1993 book about the First Missouri Brigade

The South's Finest: The First Missouri Brigade from Pea Ridge to Vicksburg is a 1993 book written by Philip Thomas Tucker and published by White Mane Publishing Company. The book follows the history of the First Missouri Brigade of the Confederate States Army from its formation to the end of the Siege of Vicksburg. Reviewers praised the book for its use of primary source quotations and its detailed analysis of the civilian background of the unit's members. However, it was also criticized for excessively praising the unit, for being melodramatic, and failing to provide a quantitative analysis of what made the First Missouri Brigade the "finest" brigade in the Confederacy.

==Content==
The South's Finest: The First Missouri Brigade from Pea Ridge to Vicksburg was written by Philip Thomas Tucker and published by White Mane Publishing Company in 1993. It is a unit history focusing on the First Missouri Brigade, a brigade that served in the Confederate States Army during the American Civil War. Besides providing a combat history of the unit, the personal backgrounds of the men are also analyzed in the book. Particular emphases include Roman Catholicism and St. Louis University. While the book uses both primary and secondary sources, primary sources such as the diaries and memoirs of brigade veterans are used and quoted frequently. Its coverage ends with the end of the Siege of Vicksburg and is illustrated with photographs and maps.

==Reception==
Stephen Rawlings, reviewing for the Journal of Southern History, praised Tucker's research into the background of the unit's soldiers, particularly why they remained loyal to the Confederacy despite facing logistical and leadership challenges, having different beliefs than many other Confederate soldiers, and fighting almost exclusively outside of their home state. However, Rawlings also viewed Tucker's definition of what made the First Missouri Brigade the "finest" unit in the Confederacy. In particular, he noted that Tucker relied too little of quantitative data, such as Thomas Livermore's work on American Civil War battle losses. Overall, Rawlings stated that the greatest contribution of The South's Finest was its analysis of what eliteness constitutes from a military perspective.
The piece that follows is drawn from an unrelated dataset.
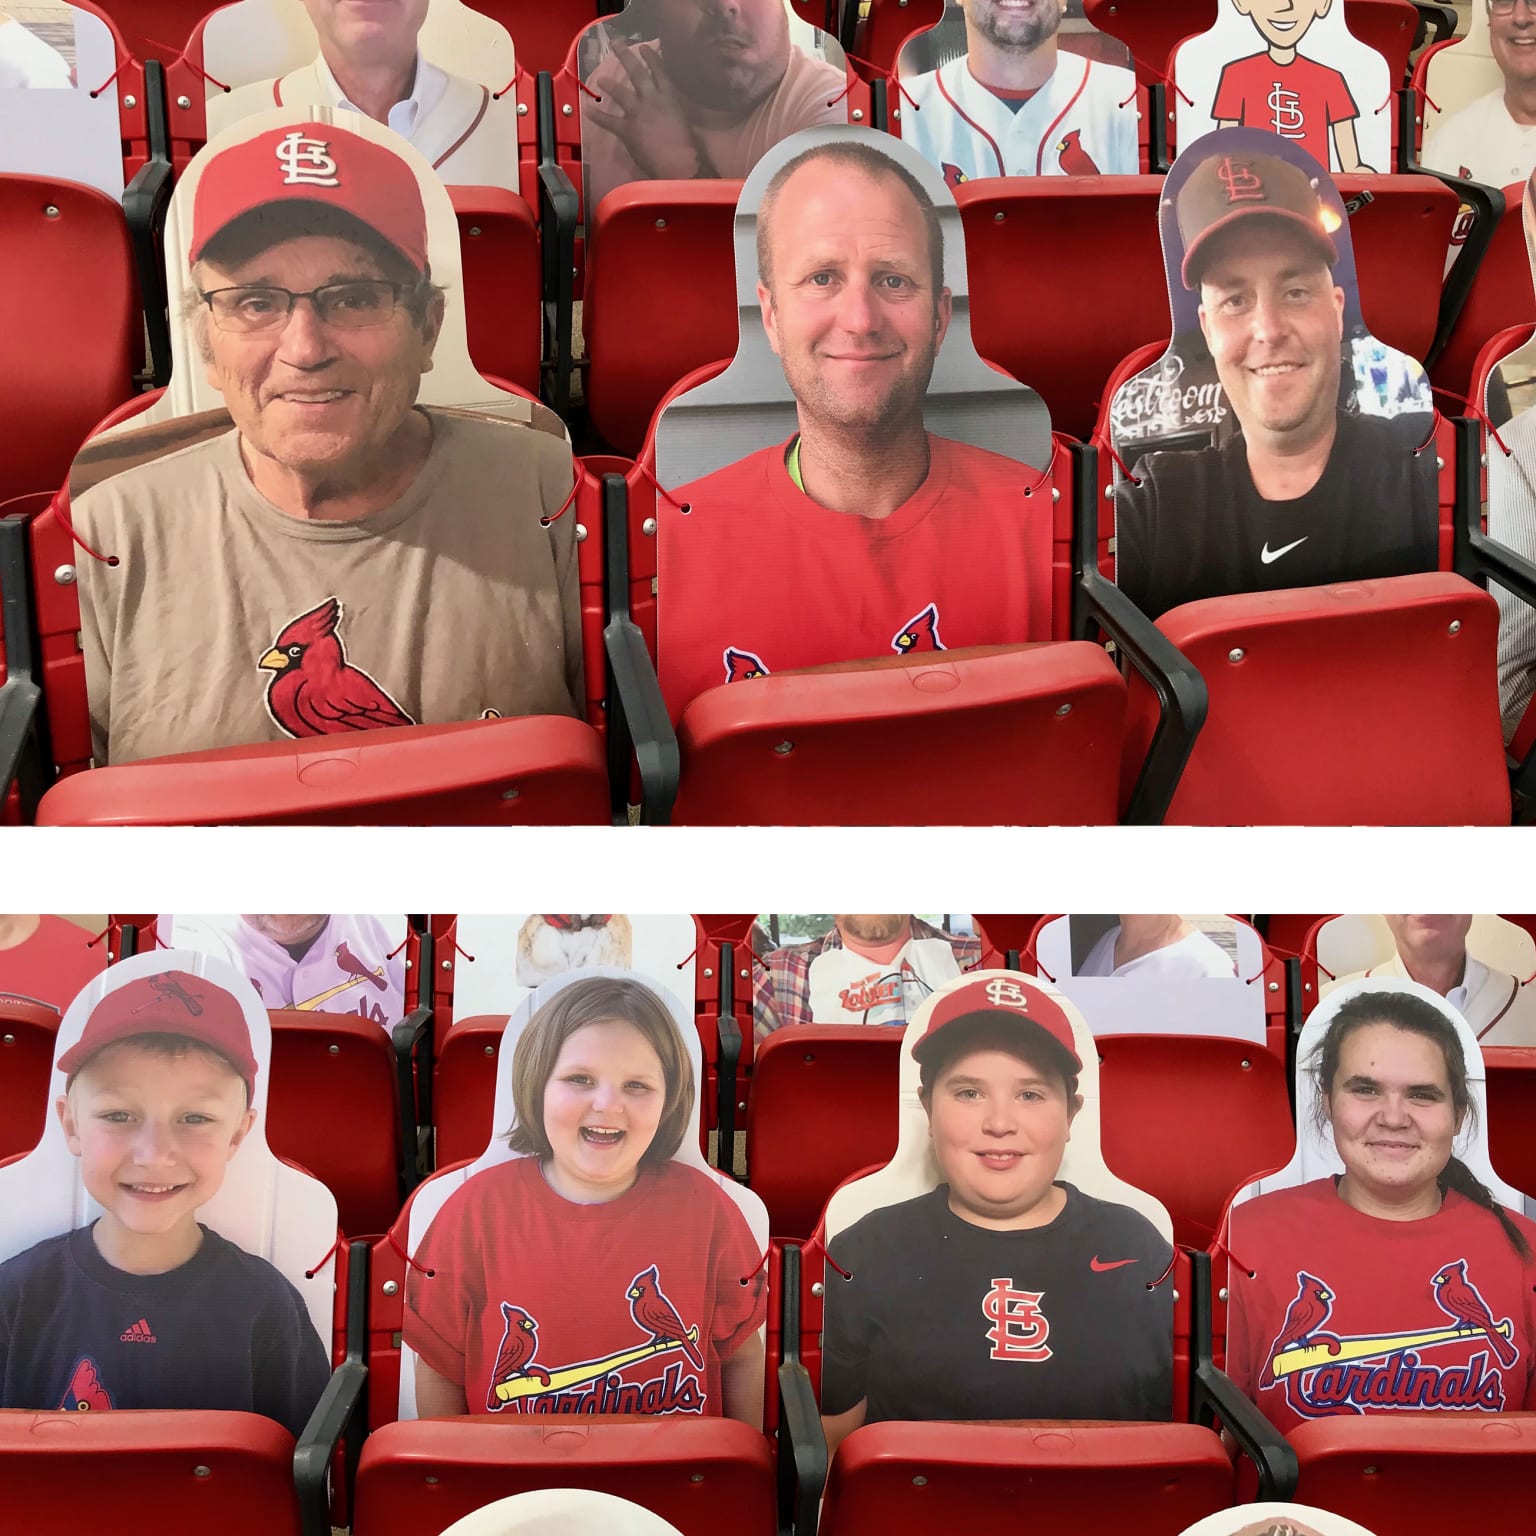 Grandma STL Cardinals Fan Cardinals Baseball St. Louis

Reviewing the book for Civil War History, Michael B. Ballard stated that Tucker did a good job of analyzing the background conditions that led to the formation of the brigade, and that the book was well-researched. Comparing The South's Finest to In Deadly Earnest, another modern First Missouri Brigade unit history, Ballard noted that The South's Finest had "more familiarity with recent scholarship". However, Ballard criticized the book for its frequent use of superlatives, which he viewed as excessive. Ballard stated that Tucker presented an overly glossy view of the First Missouri Brigade, stating that it was impossible for the unit to be as perfect as Tucker portrayed it. In addition, The South's Finests prose was described as "sometimes puzzling". Overall, Ballard described the book as a positive addition to Western Theater research, but opined that it did not meet "the accomplishments of [its] subject".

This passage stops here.